NEW YORK, Oct 22 (Reuters) – ICE cotton futures experienced their largest single-session loss in more than a month on Thursday as a weak export sales report reinforced demand concerns and traders said recent rains in Texas were likely not as damaging to crops as some had feared. U.S.upland cotton export sales for the 2015/16 crop year totaled 96,900 bales last week, with the bulk being sold to Mexico and none to top consumer China, where recent policy changes have limited imports.
“The exports were anemic,” said Jobe Moss, a broker with MCM Inc.in Lubbock, Texas.

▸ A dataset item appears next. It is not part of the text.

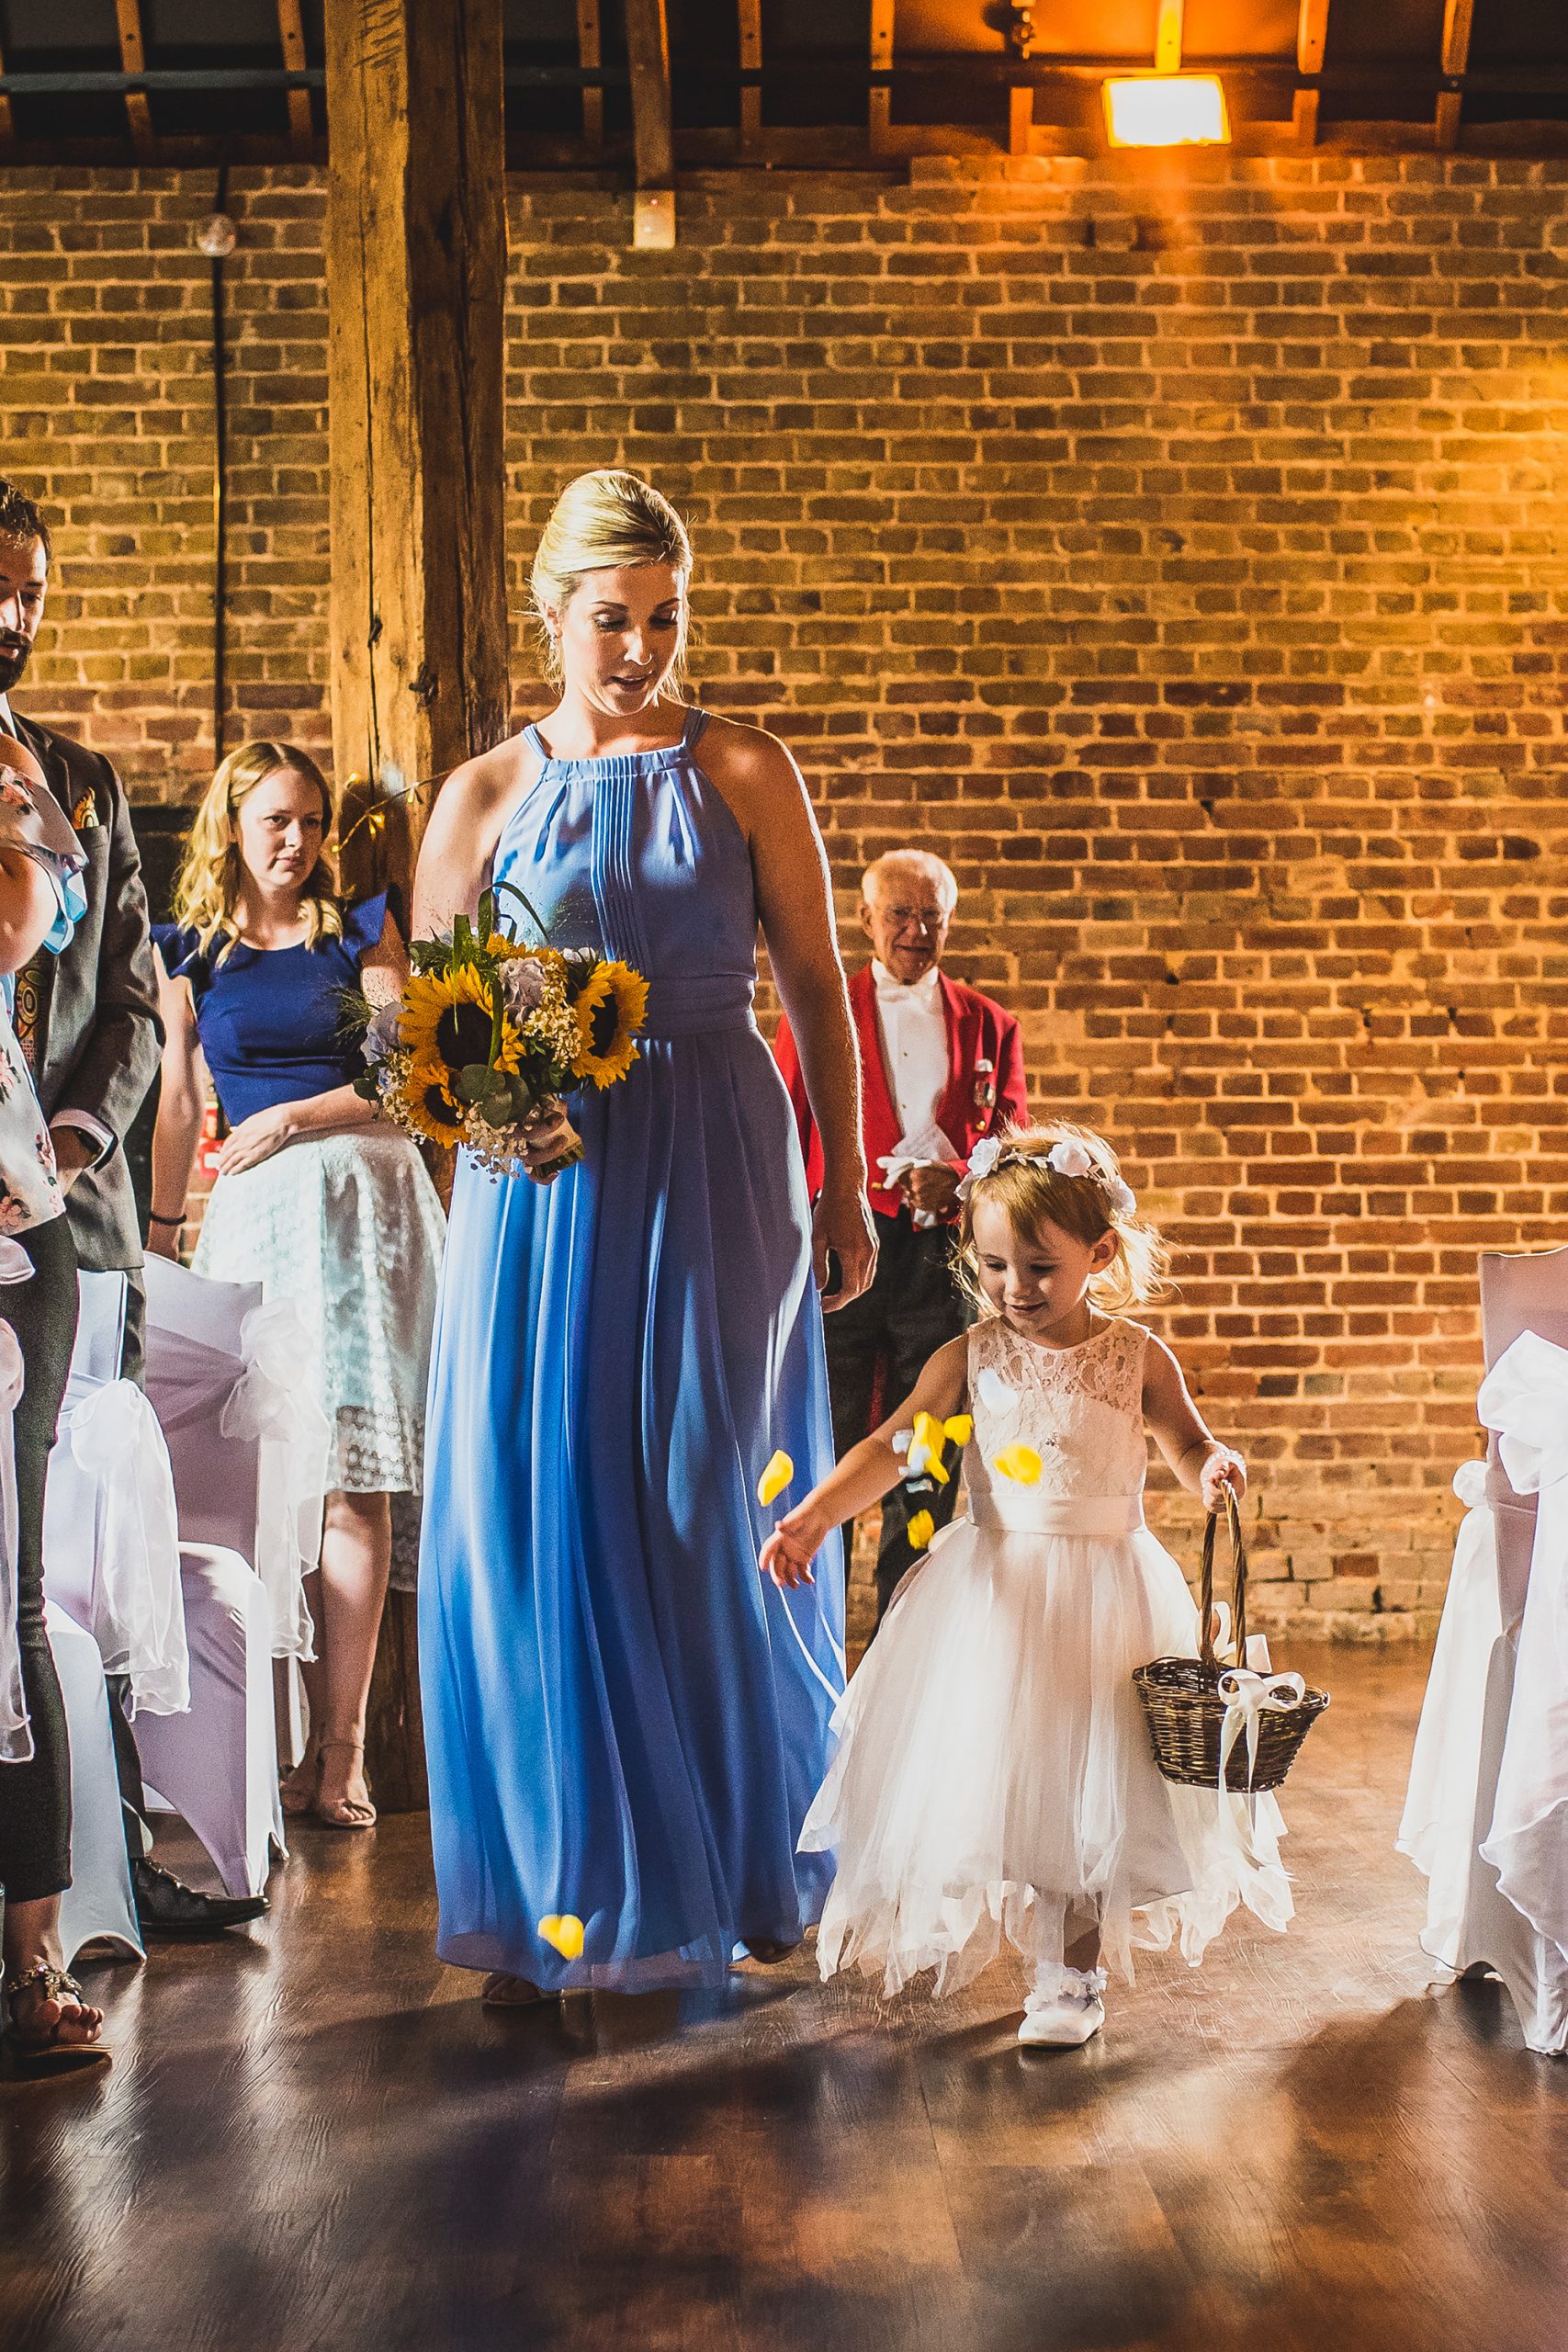 Ellie Andy Rustic Barn Wedding Damien Vickers Photography SBS 010 scaled

“The problem this market hasn’t come to grips with is China ain’t there anymore.” In addition, Moss said that while rains in leading U.S.production regions in West Texas could harm quality, the storms were not severe enough to dramatically affect yields.
Concerns about the wet weather had contributed to a two-day rally that saw prices hit near two-month highs on Wednesday. A sharply stronger U.S.dollar also weighed on prices for the fiber, Moss said.
A stronger dollar pressures greenback-traded commodities like cotton by making them more expensive to holders of other currencies.
December cotton on ICE Futures U.S. CTc1 settled down by 1.71 cents on Thursday, a 2.7 percent loss, at 62.52 cents per pound. It traded within a range of 62.37 to 64.69 cents.
Certificated cotton stocks CERT-COT-STX deliverable as of Oct. 21 totaled 42,318 480-lb bales, down from 42,445 in the previous session.
The dollar index .DXY was up 1.34 percent. The Thomson Reuters CoreCommodity CRB Index .TRJCRB , which tracks 19 commodities, was up 0.04 percent.
The Relative Strength Index in the most active contract CTc1 fell to 50.806.